━━━━━ Source material

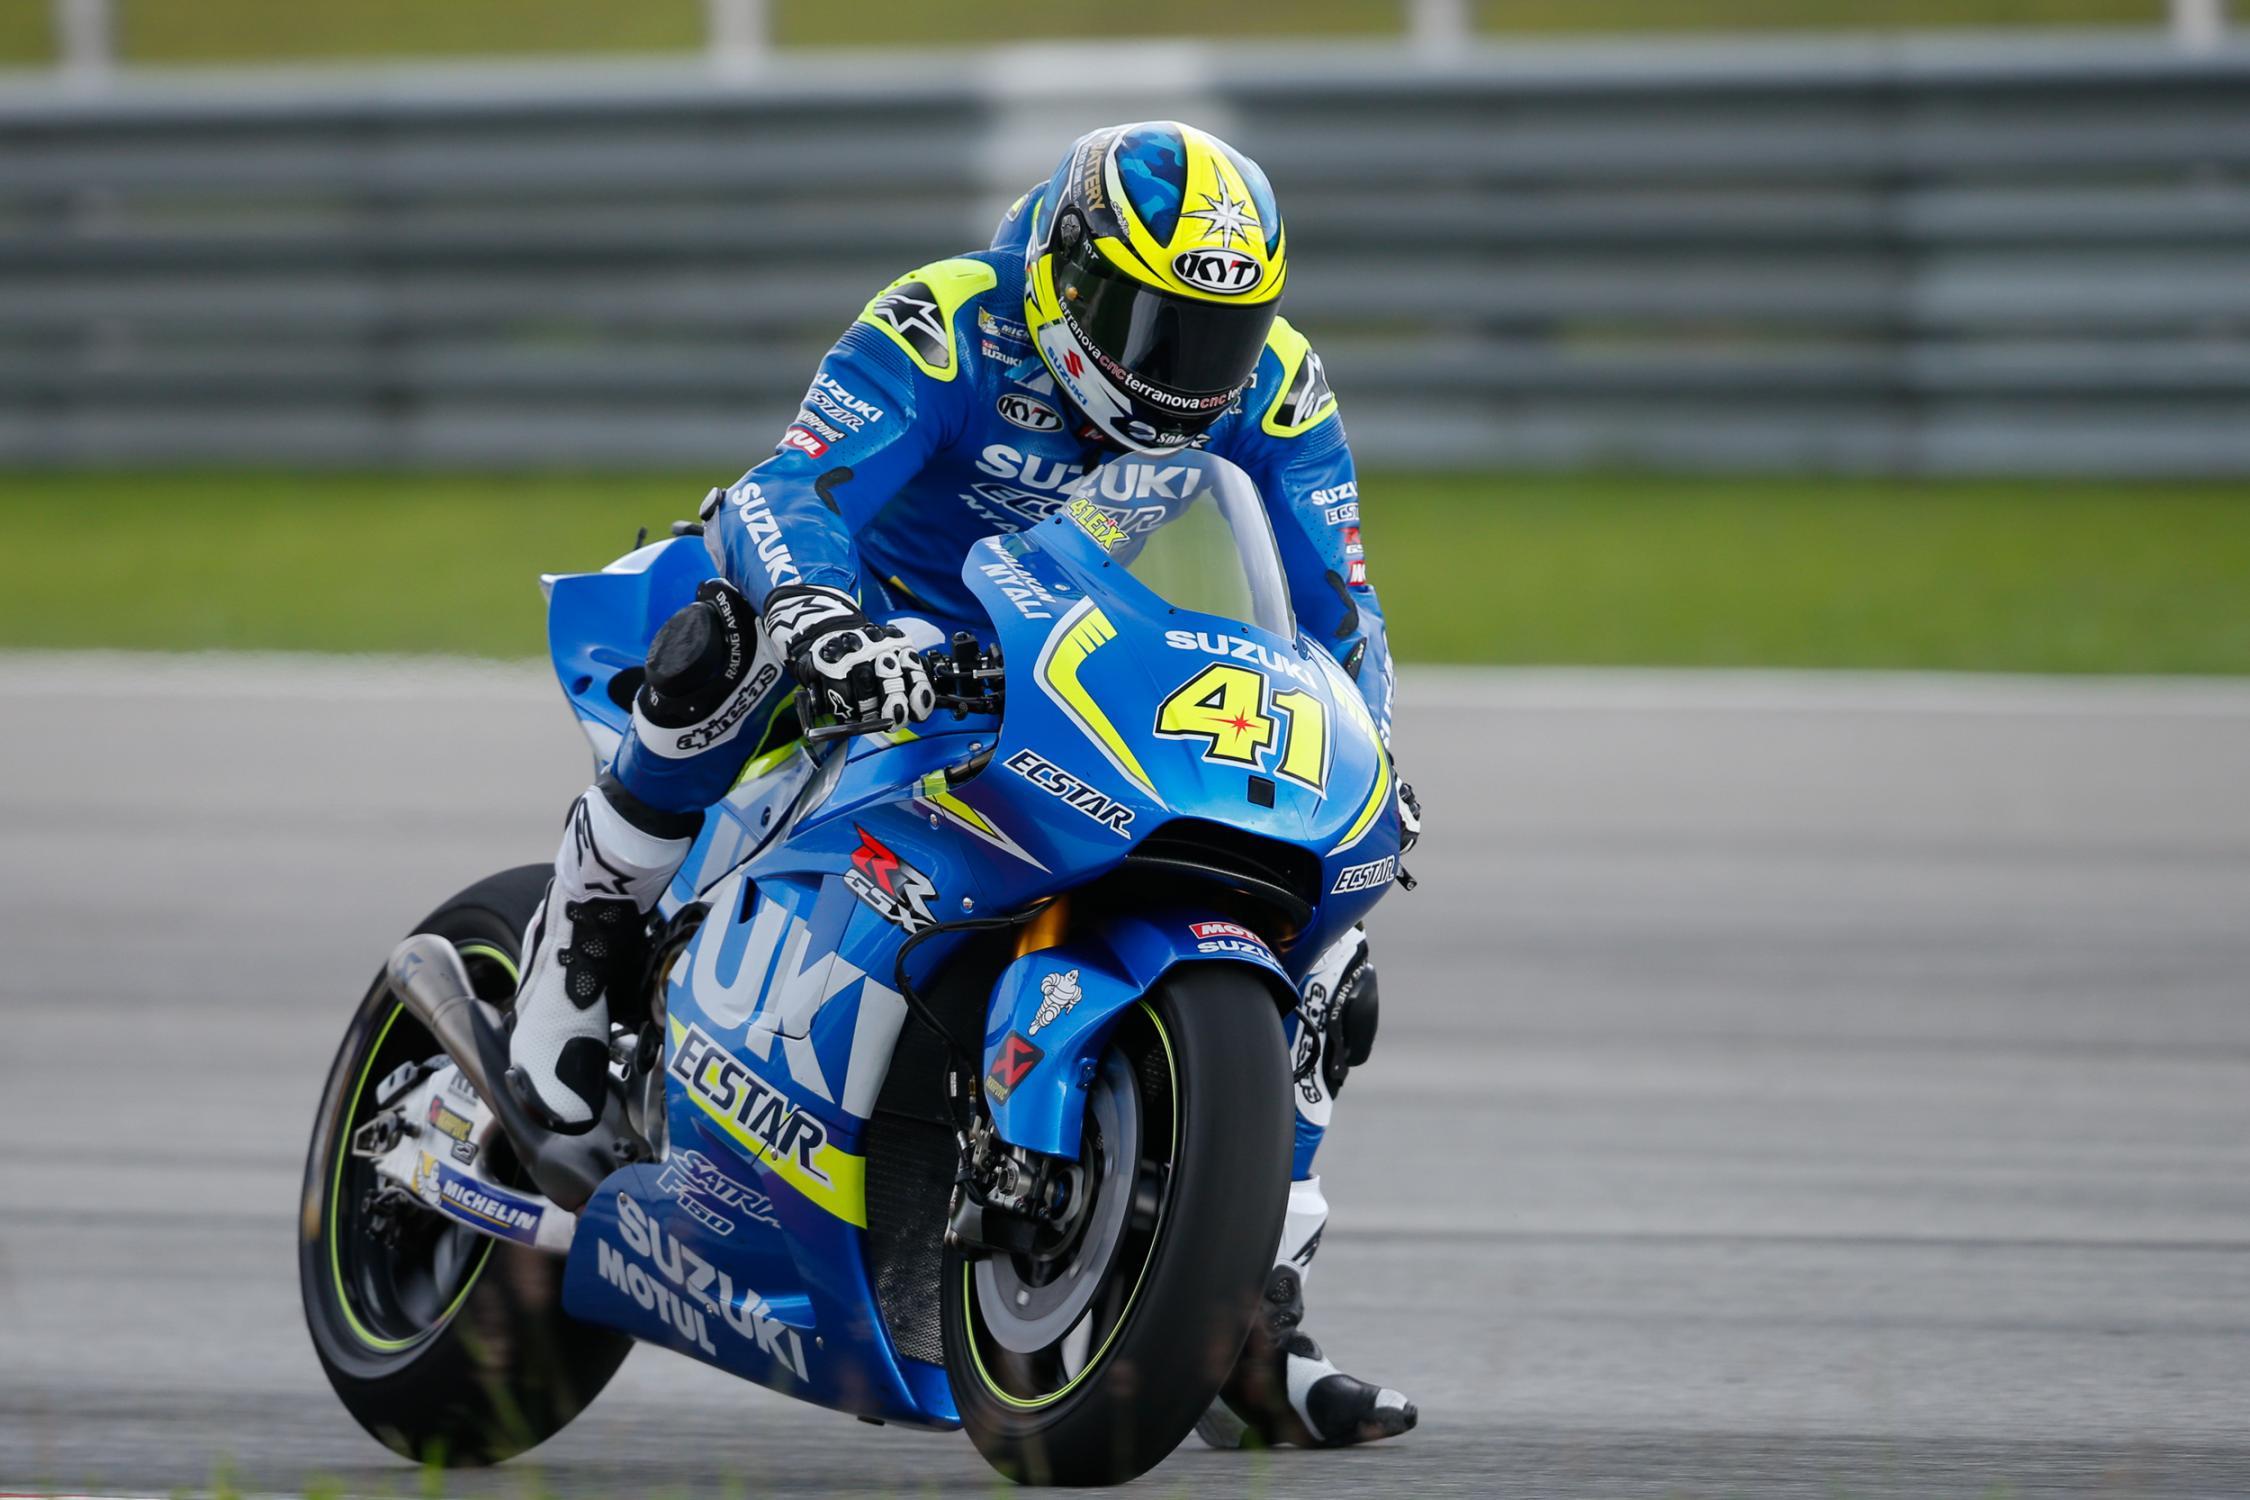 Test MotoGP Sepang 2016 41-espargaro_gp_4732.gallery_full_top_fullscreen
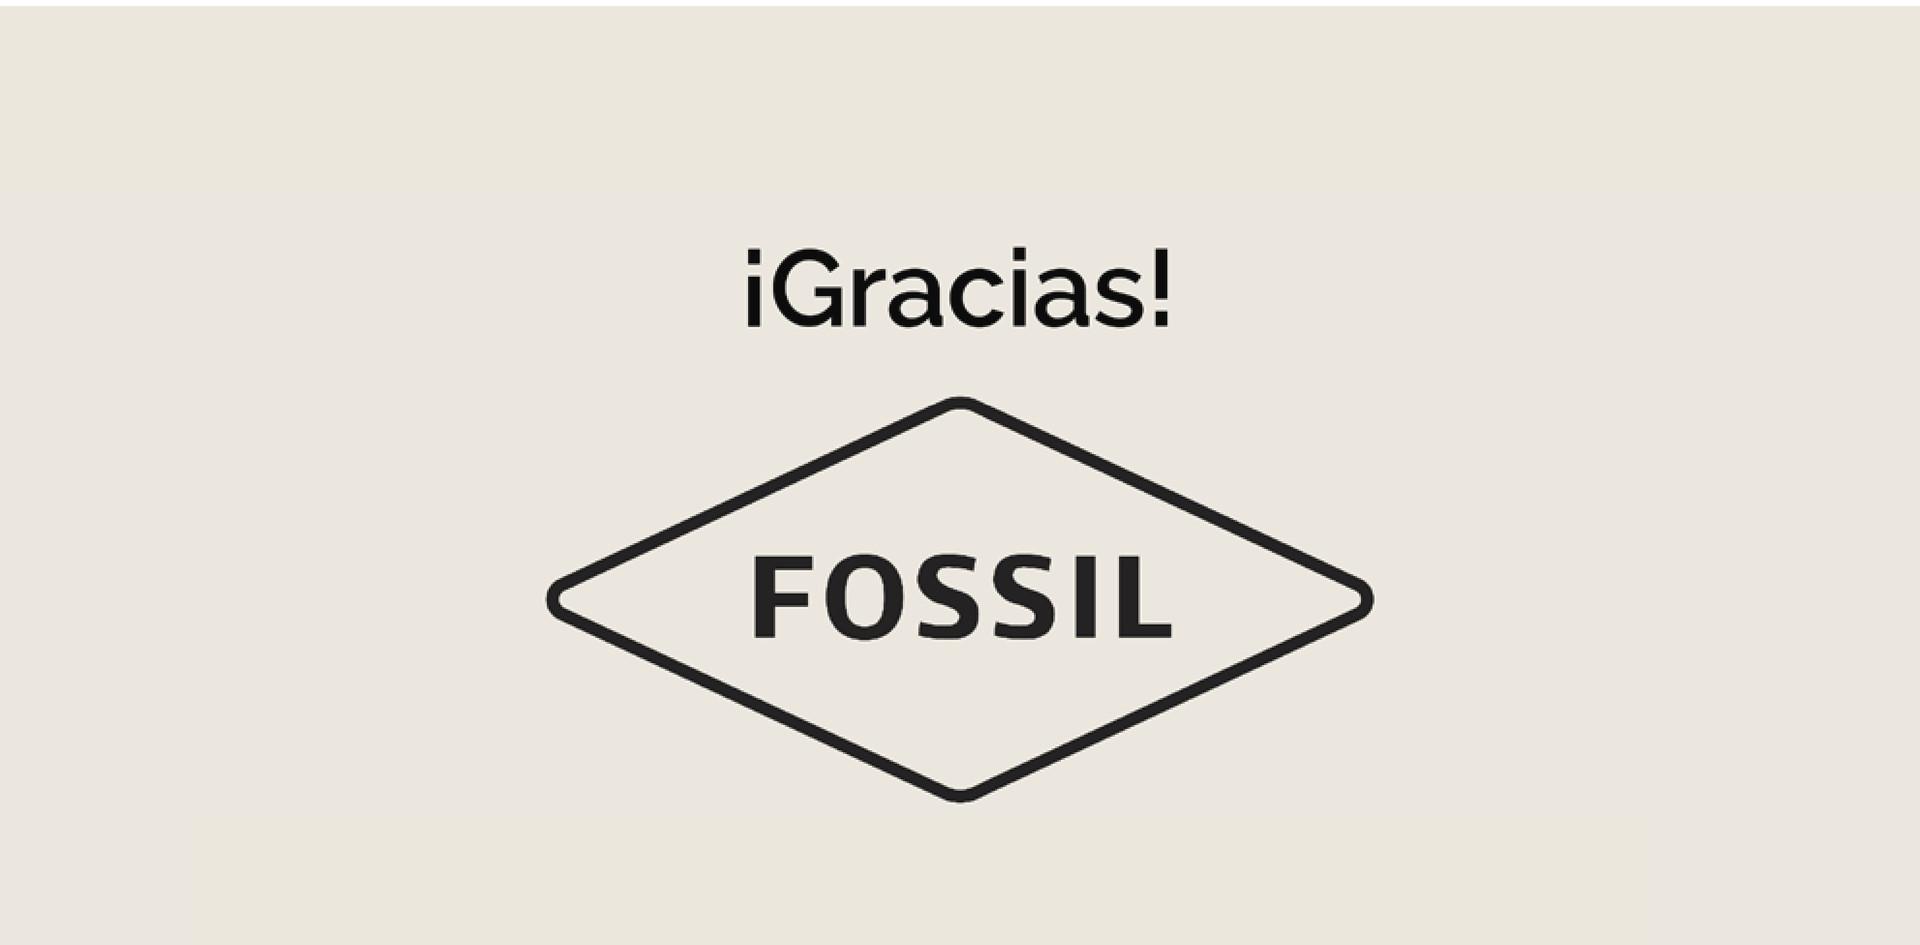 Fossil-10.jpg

━━━━━━━━━━
━━━━━ Source material

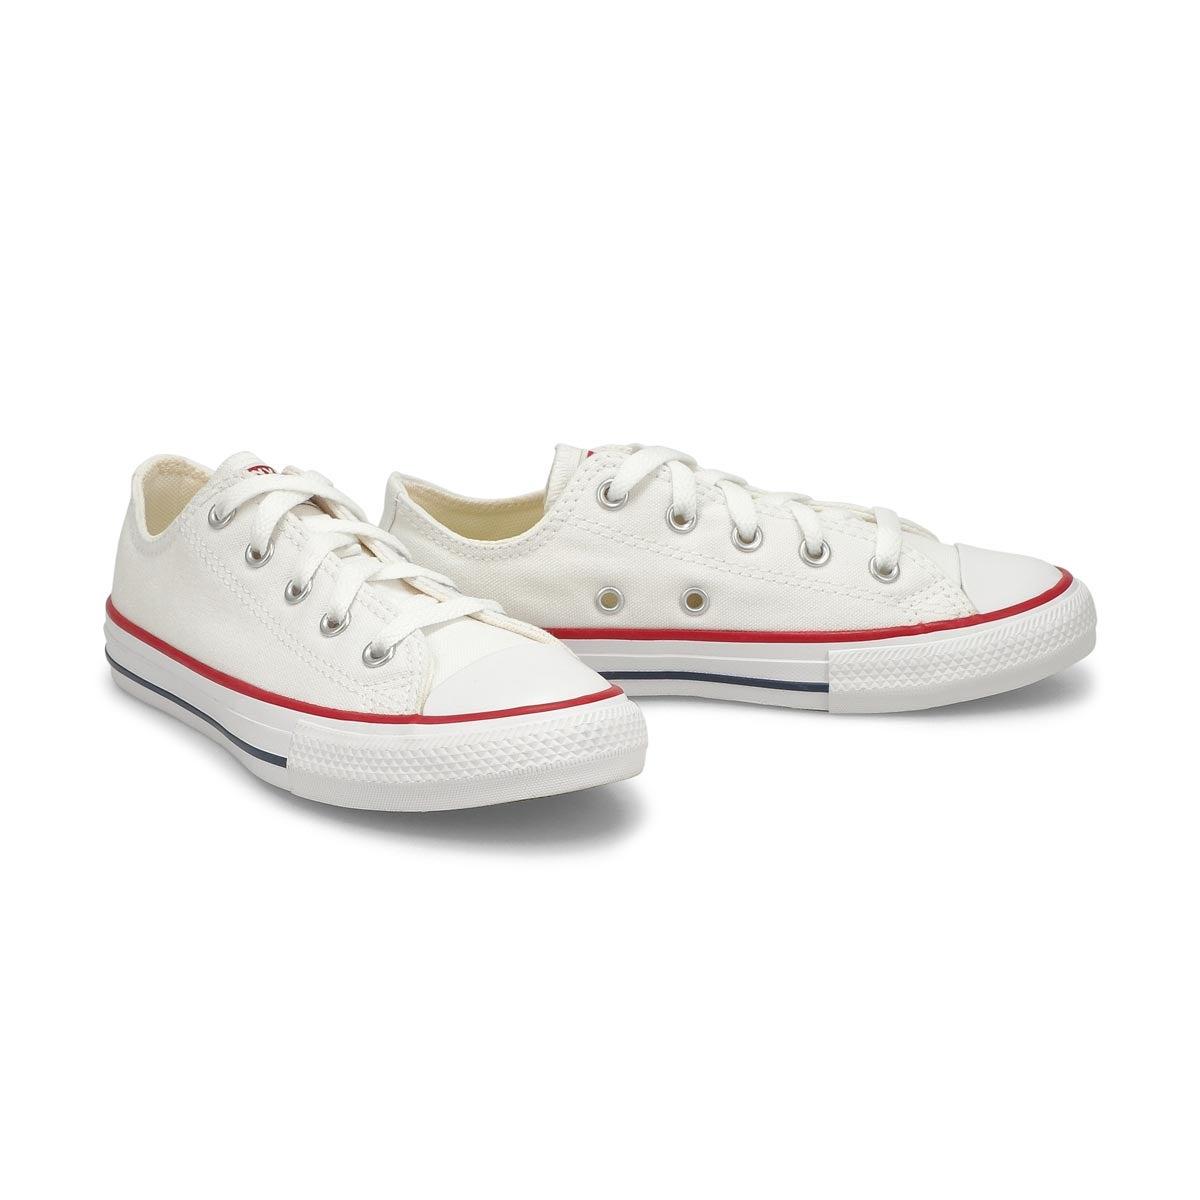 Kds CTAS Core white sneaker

━━━━━━━━━━

# Your task
Copy everything above from the line holding "Test MotoGP Sepang" down to the line holding "Fossil-10.jpg", both ends included, exactly as it stands and without the pictures.

# Result of this exercise
 Test MotoGP Sepang 2016 41-espargaro_gp_4732.gallery_full_top_fullscreen
 Fossil-10.jpg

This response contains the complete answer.